G/L/M similarly functions across a series of insides and outsides: the affective insides of bodies expressed outwardly in gesture, the disciplinary insides of neuroscience expressed outwardly in the mirror neuron interpretation, the insides of psychotherapy settings expressed outwardly in the results of mirroring therapy, the algorithmic insides of the computer expressed outwardly on screens. As a result, the artwork traces a Deleuzian extension from the brain to neuroscience to group psychotherapy to the art installation, just as it aims to affectively extend into the installation audience. Put another way, just as mirror neurons have been folded into mirror therapy, the artwork folds mirroring into algorithmic processes that are then folded into the video of therapist-patient interactions. Finally these interactions are folded into participant’s own mirrored gestures and expressions.
On one level, the project aims to be reflective and evaluative. Using neuroscientific descriptions of mirror neurons to develop an algorithm leverages the creative context to explore mirror therapy.

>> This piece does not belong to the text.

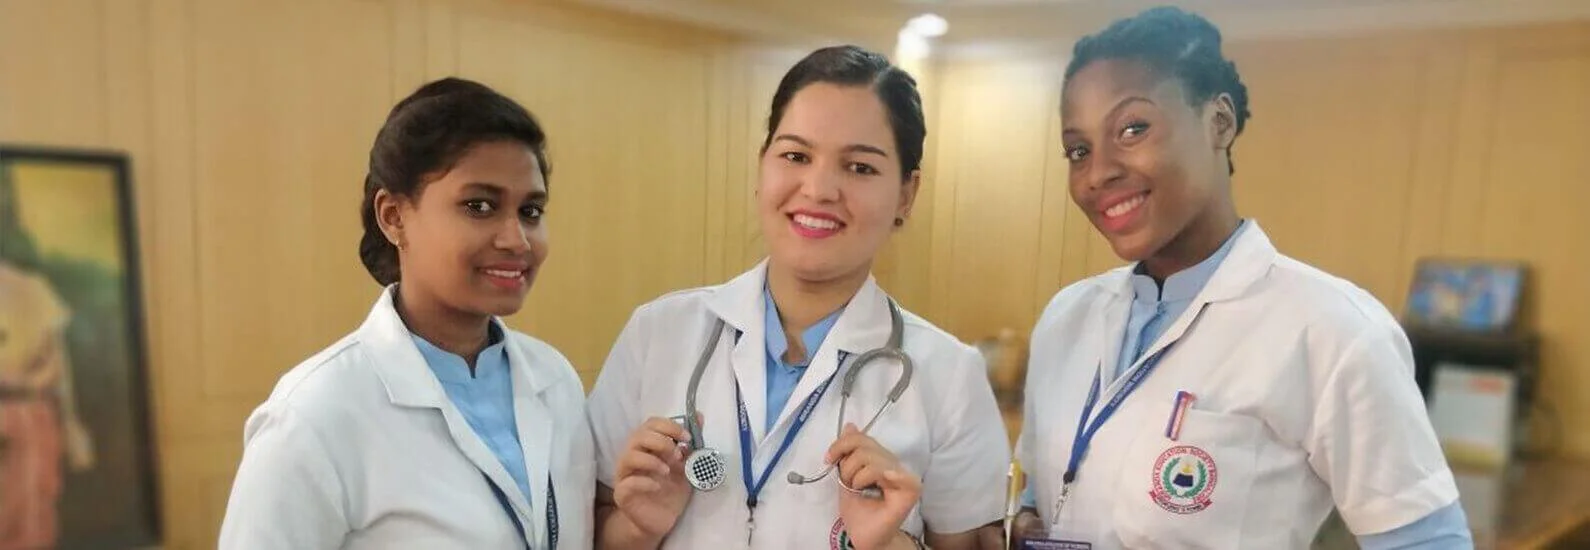 Banner Image of Happy Students at Miranda College of Nursing in Uniforms.
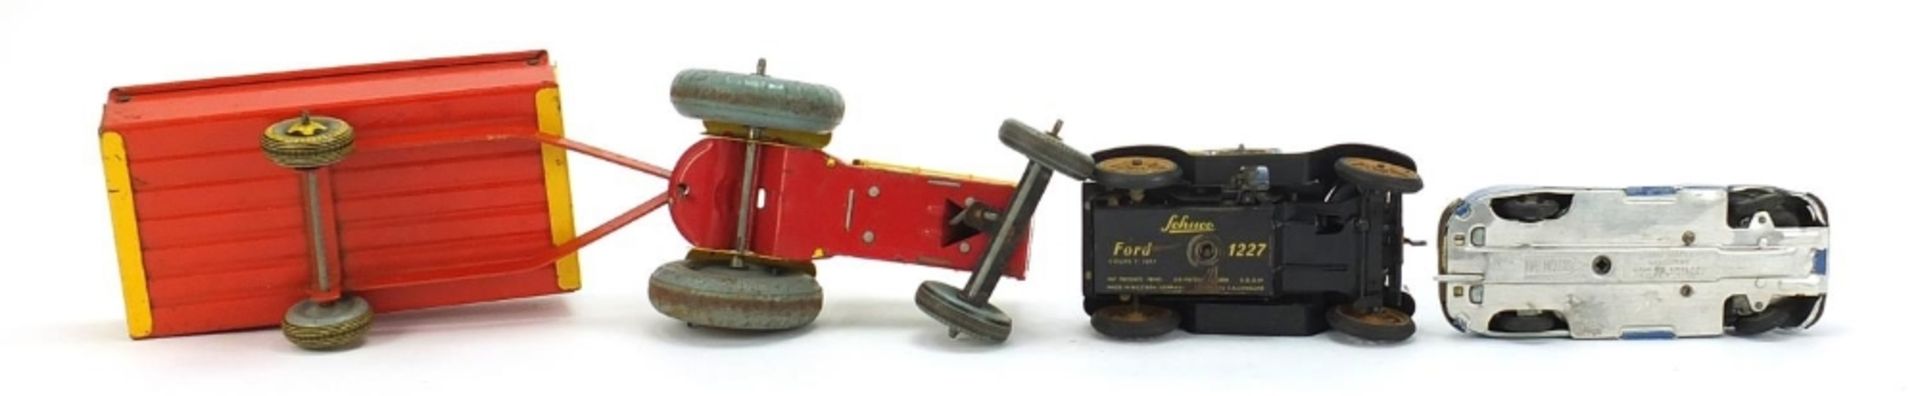 Antique and later tinplate toys comprising a Schuco Ford Coupet 1917, Chad Valley Harborme car and a - Image 5 of 6

By entering into the mirroring process and affecting the content and chronology of patient utterances, participants are able to compose a first-hand evaluation of this novel therapeutic practice. On another level, however, the project is political. It urges a critical interrogation of neuroscience, questioning the basis of claims for the legitimized object of the brain, the neuron, the FMRI machine, even the neuroscientist herself. Each is folded mercilessly into the others such that the neuron, the mirror, the gesture, the language, are all rendered indistinct.